The scenery is said to be still more remarkable and
pleasing when the traveller have arrived in the canals, between the Pantanaes themselves; thousands of ducks and water-hens rise in the air on the approach
of the boats; storks of immense size wade the boundless swamps, and divide
the sovereignty over the waters with the terrible crocodiles; sometimes
they sail for leagues together between thick plantations of rice, which
here grows spontaneously; and thus this solitary tract, which is seldom
animated by a canoe of
the Guaycurus engaged in fishing, recalls to mind the plantations
and agriculture of Europe.
The diversity and granduer of the scenery announce the vicinity of a great
river, and after four or five days journey the navigators reach the Paraguay which at this place is almost a league in breadth even in the dry season,
but during the rains overflows the Pantanaes, and spreads into
a vast lake above a hundred square leagues in extent. The navigation,
though against the stream, is easy here, and the voyage to the mouth of
the rivers S. Lourenzo or Porrudos, is generally made in eight days; from this they
at length reach the river Cuyaba,
and in ten days' sail up that river, come to the Vila
de Cuyaba.

Port of the Vila de Cuyaba
page 72 ---Indian nations---evolution of a trade
route---
The whole voyage occupies from four to five months. While the trade on
the Tiete still
flourished, arms, cloth, cottons and white calicoes, glassware and pottery,
salt and all other European articles, went by this way to Cuyaba and Matto Grosso.

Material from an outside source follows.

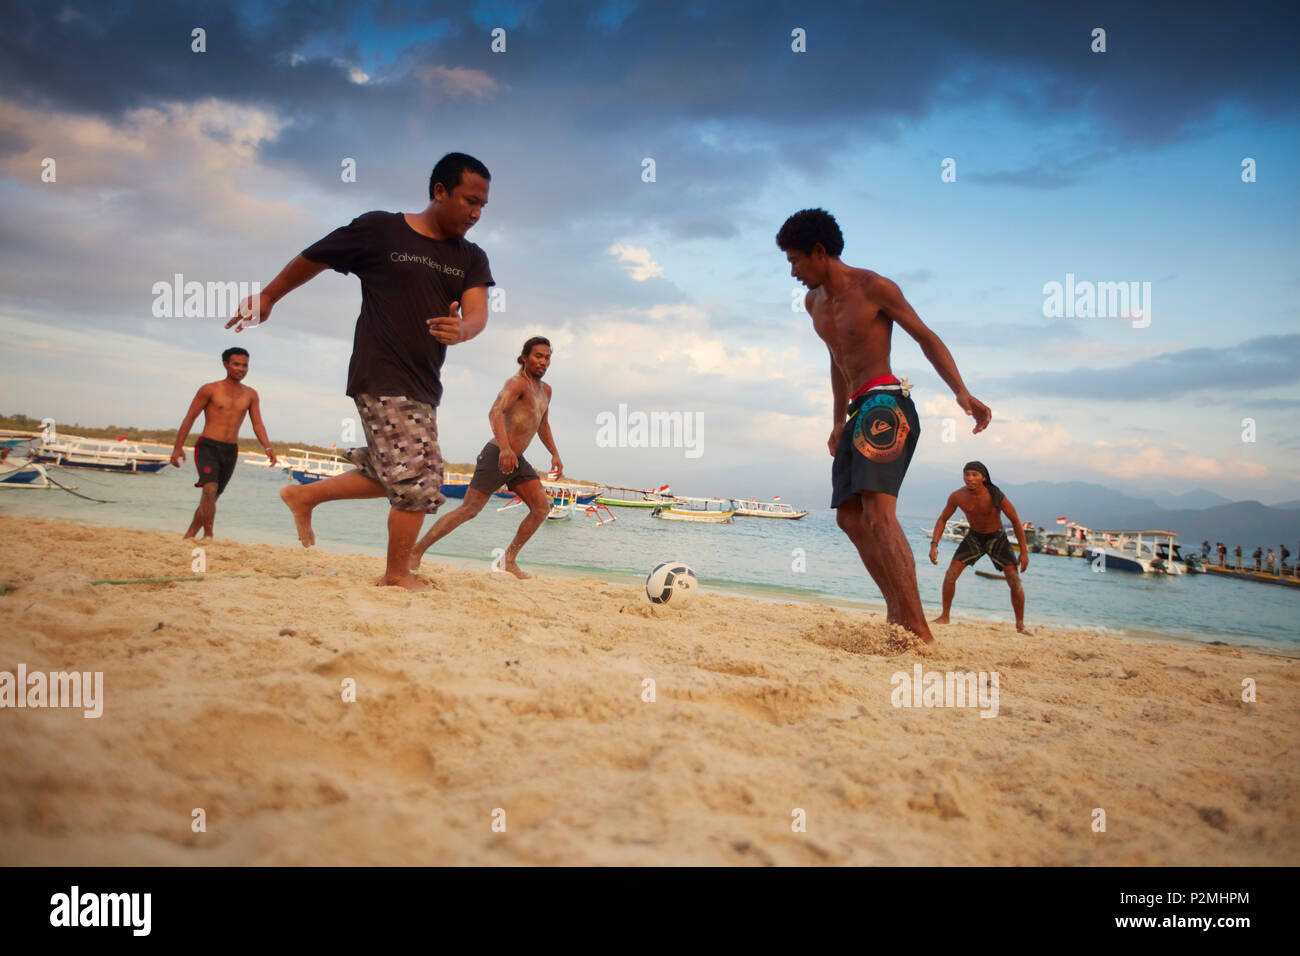 Les jeunes gens jouant au football sur Trawangan plage, Gili Trawangan, Lombok, Indonésie Photo Stock

The returns consisted of copaiva oil, pichurim beans,
tamarinds, resinous gums, wax, guarana, gold-dust and skins, particularly
of the Brazilian ounces and otters. The articles imported by so long and
dangerous a route, were at first very expensive; but by degrees the prices
declined, till they bore a due proportion to those on the coast; especially
after the route by land caused the two ways by water, from Porto
Feliz on the Tiete, and from Para on the Tocantins and the Araguaya, to
be abandoned. The Vila
de Cuyaba, which on account of its more healthy climate, exceeds
in population and prosperity the Vila
Bella, now the Cidade de Matto Grosso, and is chosen
by the governor for his residence during one-half the year, is the principal
place in the province for the trade, by land, as well as on the rivers.
The Indian tribes, who at first attacked travellers on the river, have now retired for the most part into more distant regions, or have adopted
more peaceable dispositions, and come to the river only from time to time,
in order to trade with the boats that sail along it.